● **Material supplied**:
####
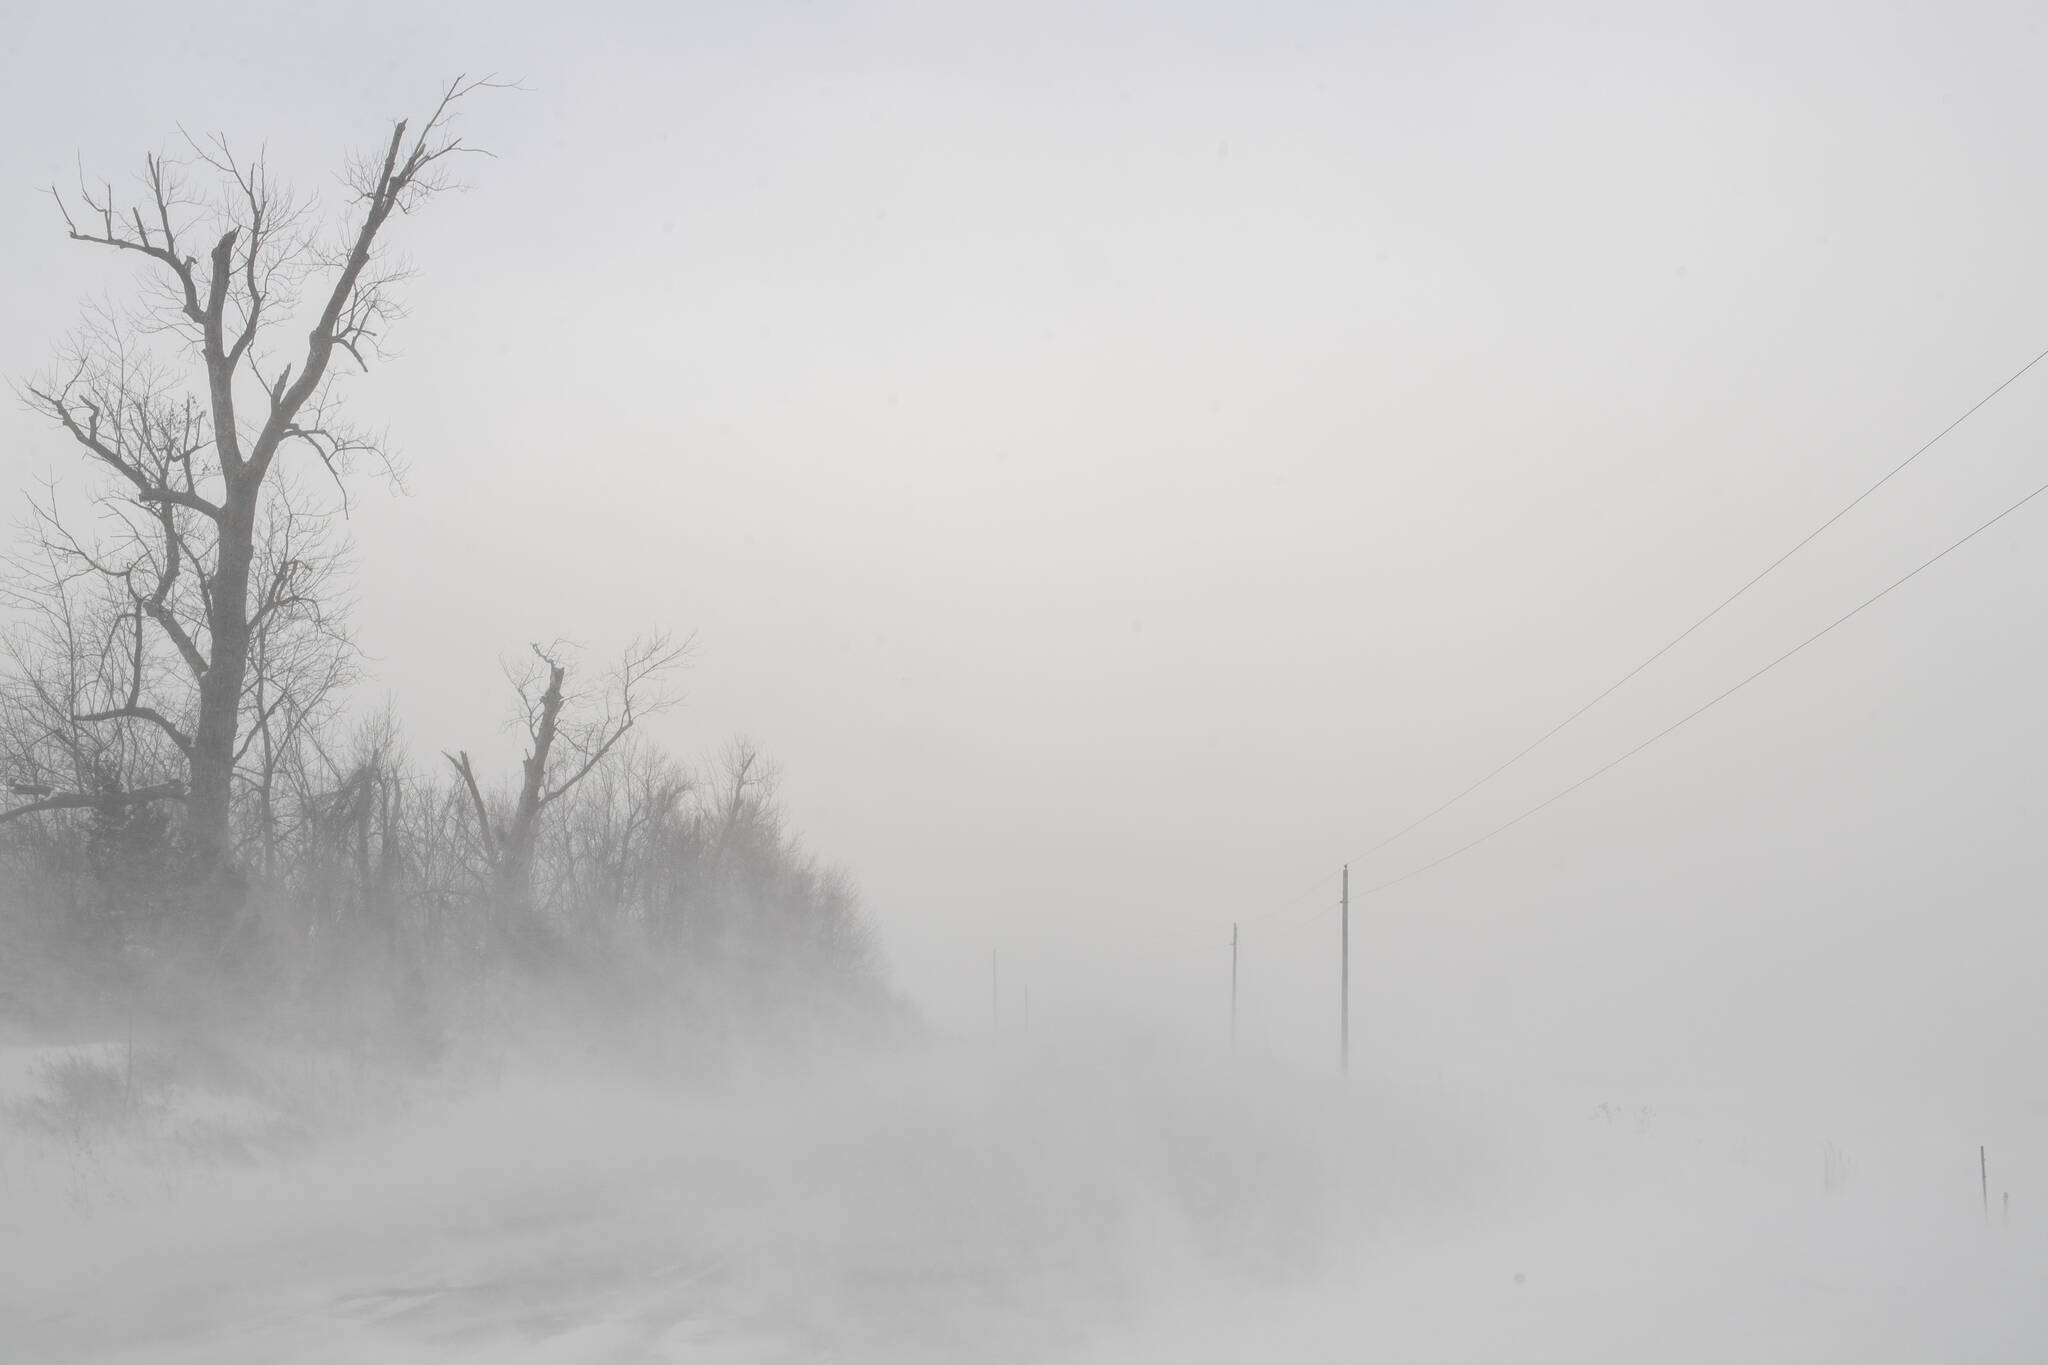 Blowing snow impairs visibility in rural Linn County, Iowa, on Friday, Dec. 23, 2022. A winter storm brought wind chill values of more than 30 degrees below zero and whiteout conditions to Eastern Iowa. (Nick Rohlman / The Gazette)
####
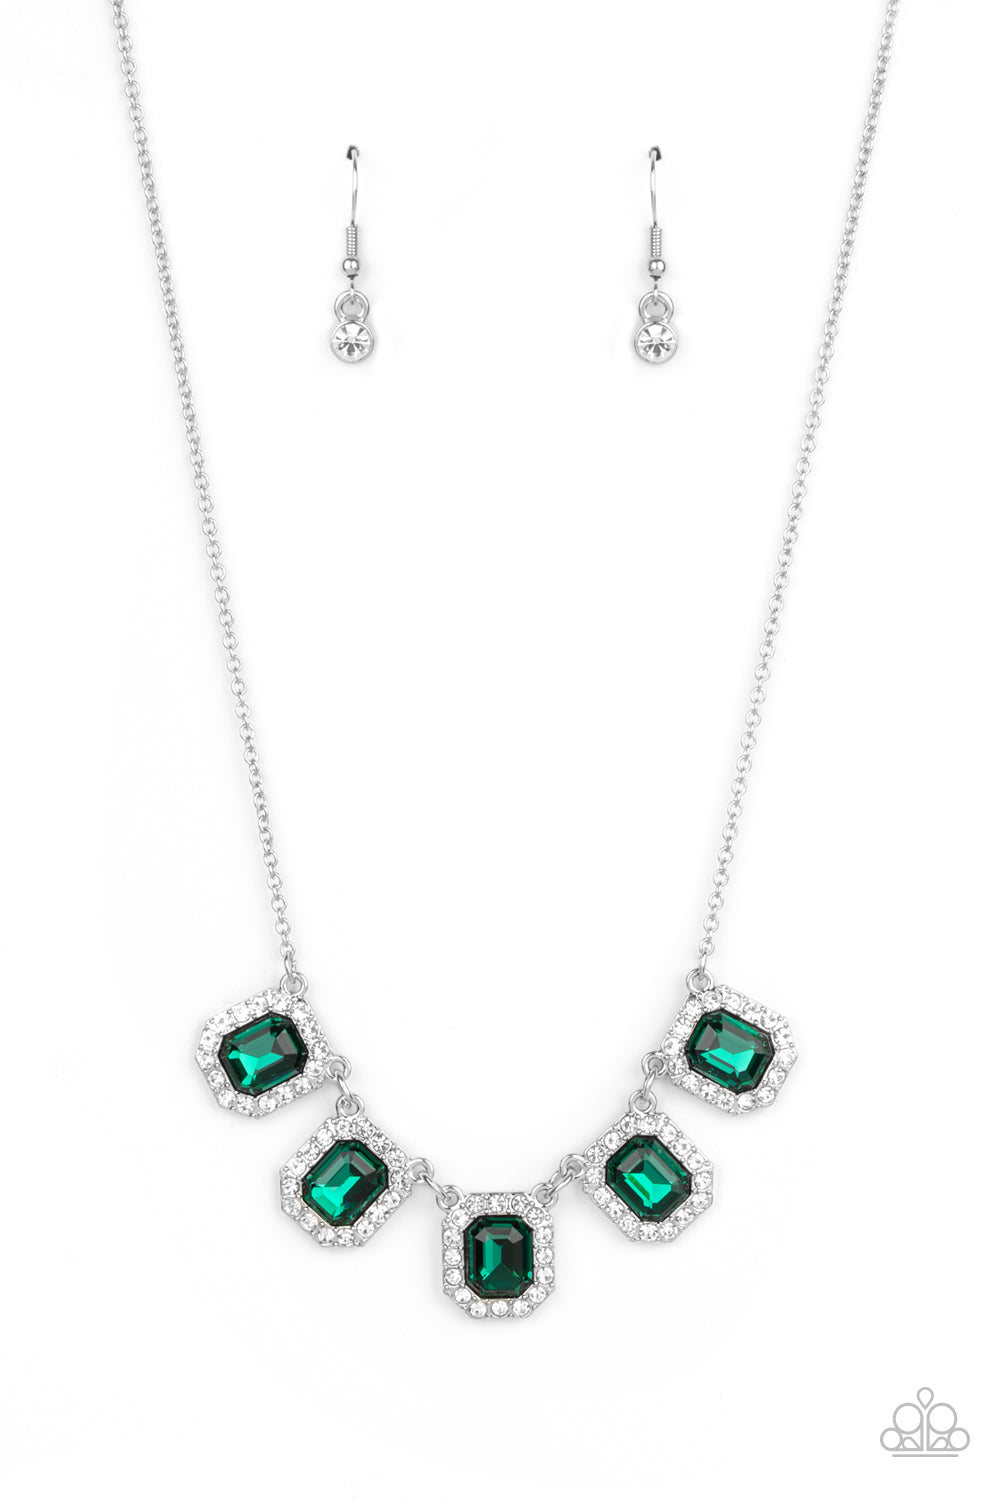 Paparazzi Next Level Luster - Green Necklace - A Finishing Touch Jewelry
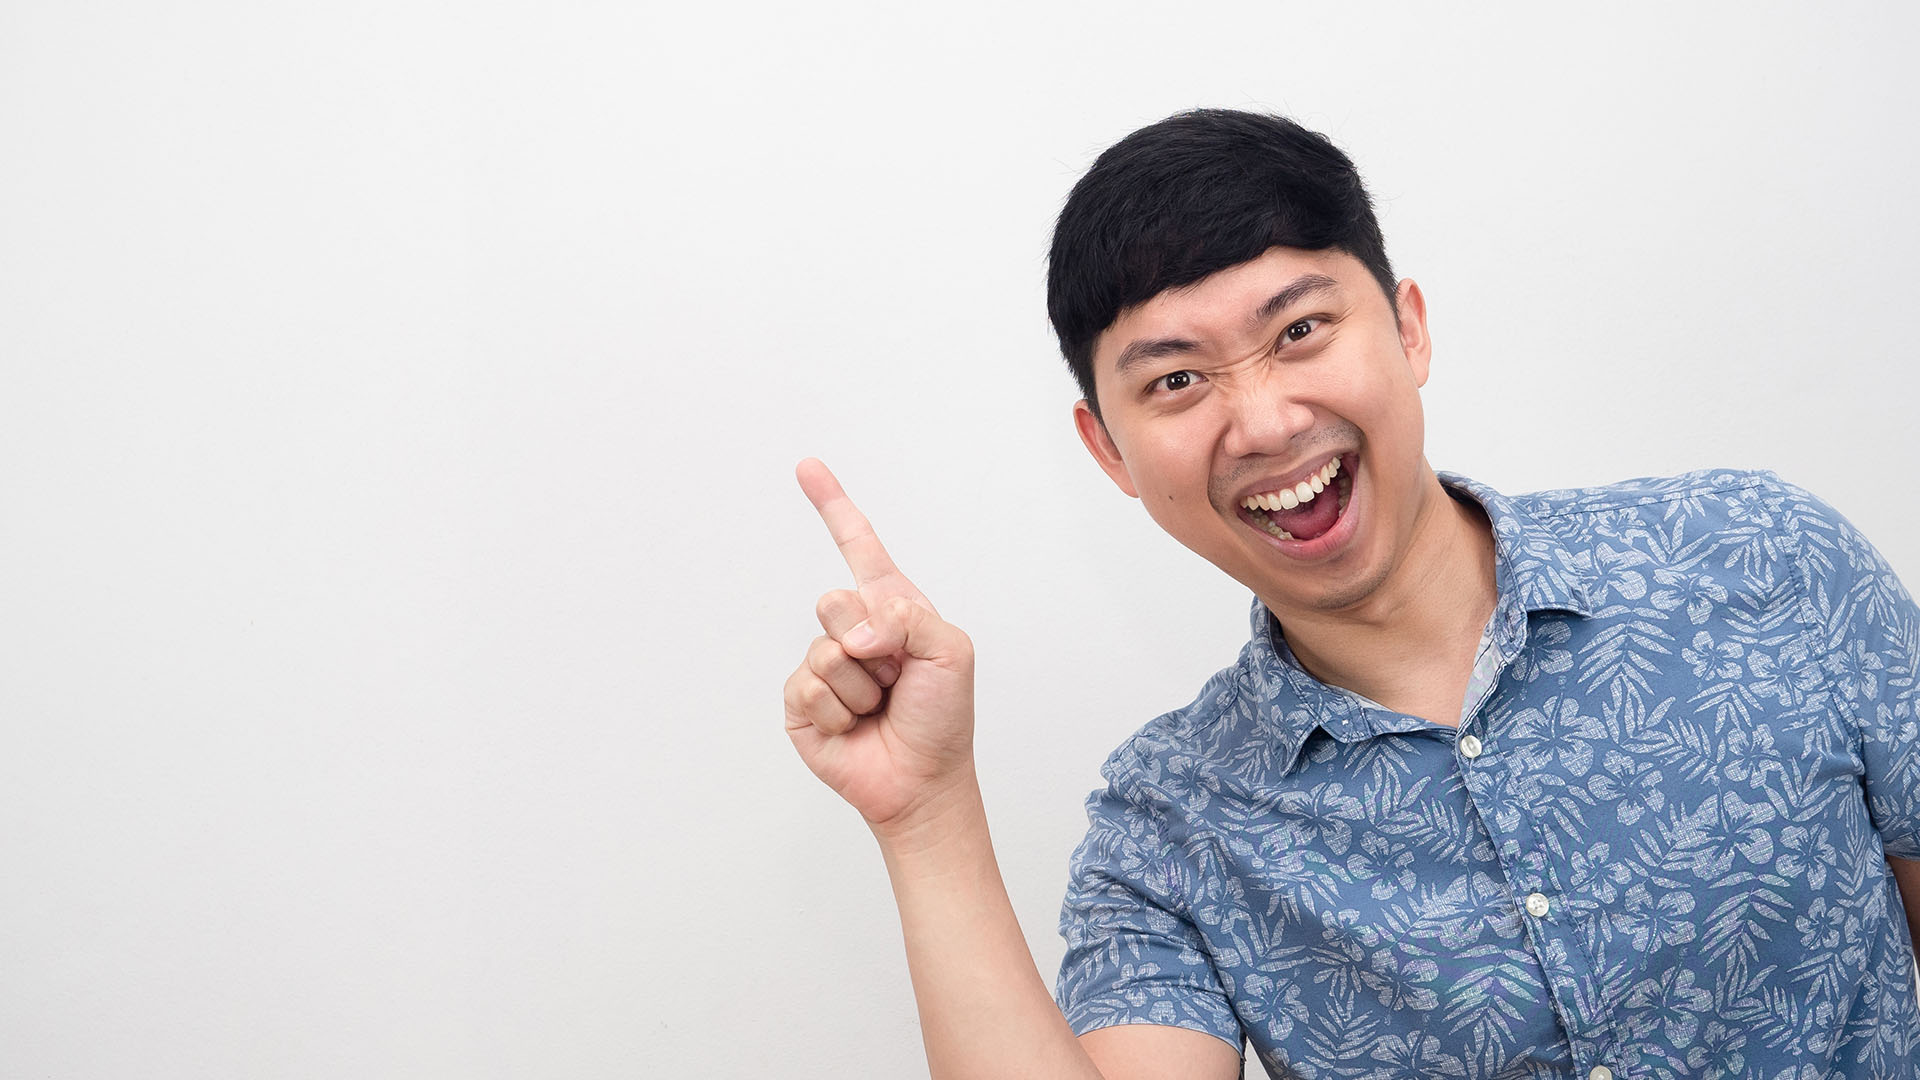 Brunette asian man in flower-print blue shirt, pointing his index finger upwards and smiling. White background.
####
Given the listing above, retype only the span of lines from the line with "Paparazzi Next Level" up to and including the line with "Brunette asian man", exactly as it stands and without pictures.

● **Output for this task**:
 Paparazzi Next Level Luster - Green Necklace - A Finishing Touch Jewelry
 Brunette asian man in flower-print blue shirt, pointing his index finger upwards and smiling. White background.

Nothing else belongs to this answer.